In this article, we propose a methodology to design programmable hardware accelerators for lattice-based algorithms, and we use the proposed methodology to implement flexible and energy efficient post-quantum cache-based accelerators for NewHope, Kyber, Dilithium, Key Consensus from Lattice (KCL), and R.EMBLEM submissions to the NIST standardization contest.
To the best of our knowledge, we propose the first efficient domain-specific, programmable cache-based accelerators for lattice-based algorithms. We design a single accelerator for a common kernel among various schemes with different kernel sizes, i.e., loop count, and data types. This is in contrast to the traditional approach of designing one special purpose accelerators for each scheme.
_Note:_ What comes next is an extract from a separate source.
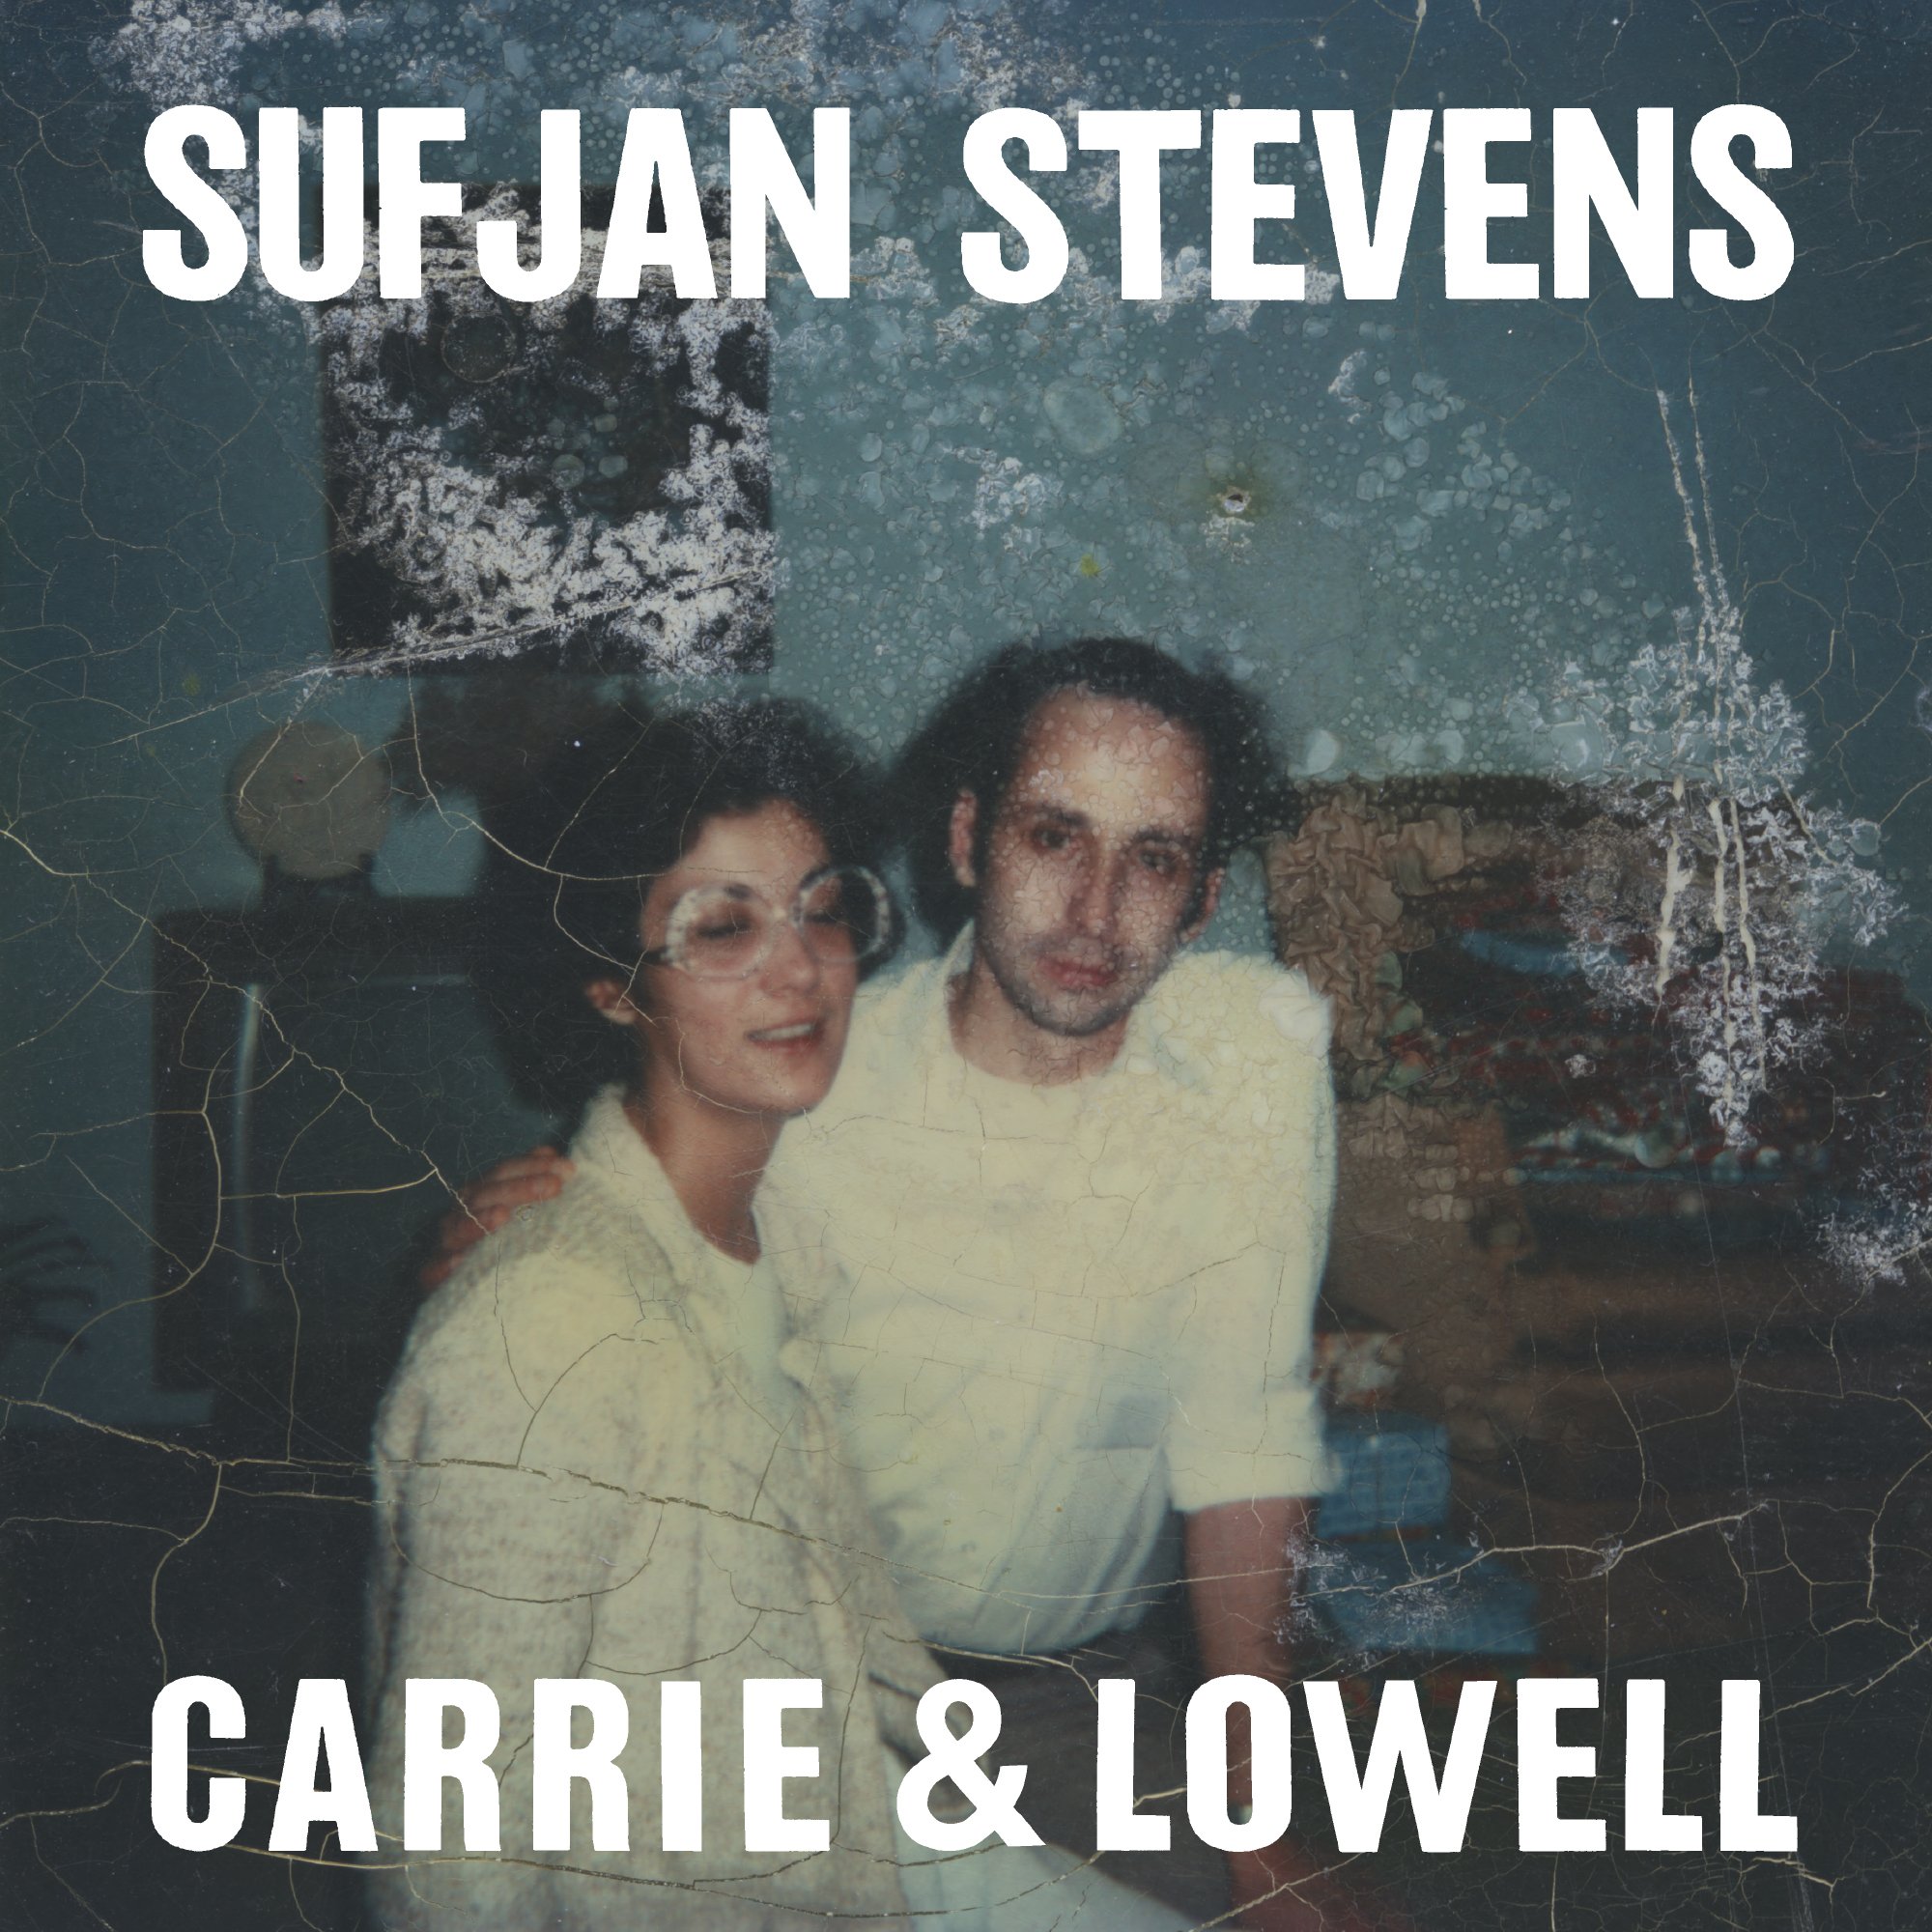 sufjan-stevens-carrie-lowell

We validate our methodology by integrating our accelerators into an HLS-based SoC infrastructure based on the X86 processor and evaluate overall performance. Our experiments demonstrate the suitability of the approach and allow us to collect insightful information about the performance bottlenecks and the energy efficiency of the explored algorithms. Our results provide guidelines for hardware designers, highlighting the optimization points to address for achieving the highest energy minimization and performance increase. At the same time, our proposed design allows us to specify and execute new variants of lattice-based schemes with superior energy efficiency compared to the main application processor without changing the hardware acceleration platform. For example, we manage to reduce the energy consumption up to 2.1x and energy-delay product (EDP) up to 5.2x and improve the speedup up to 2.5x.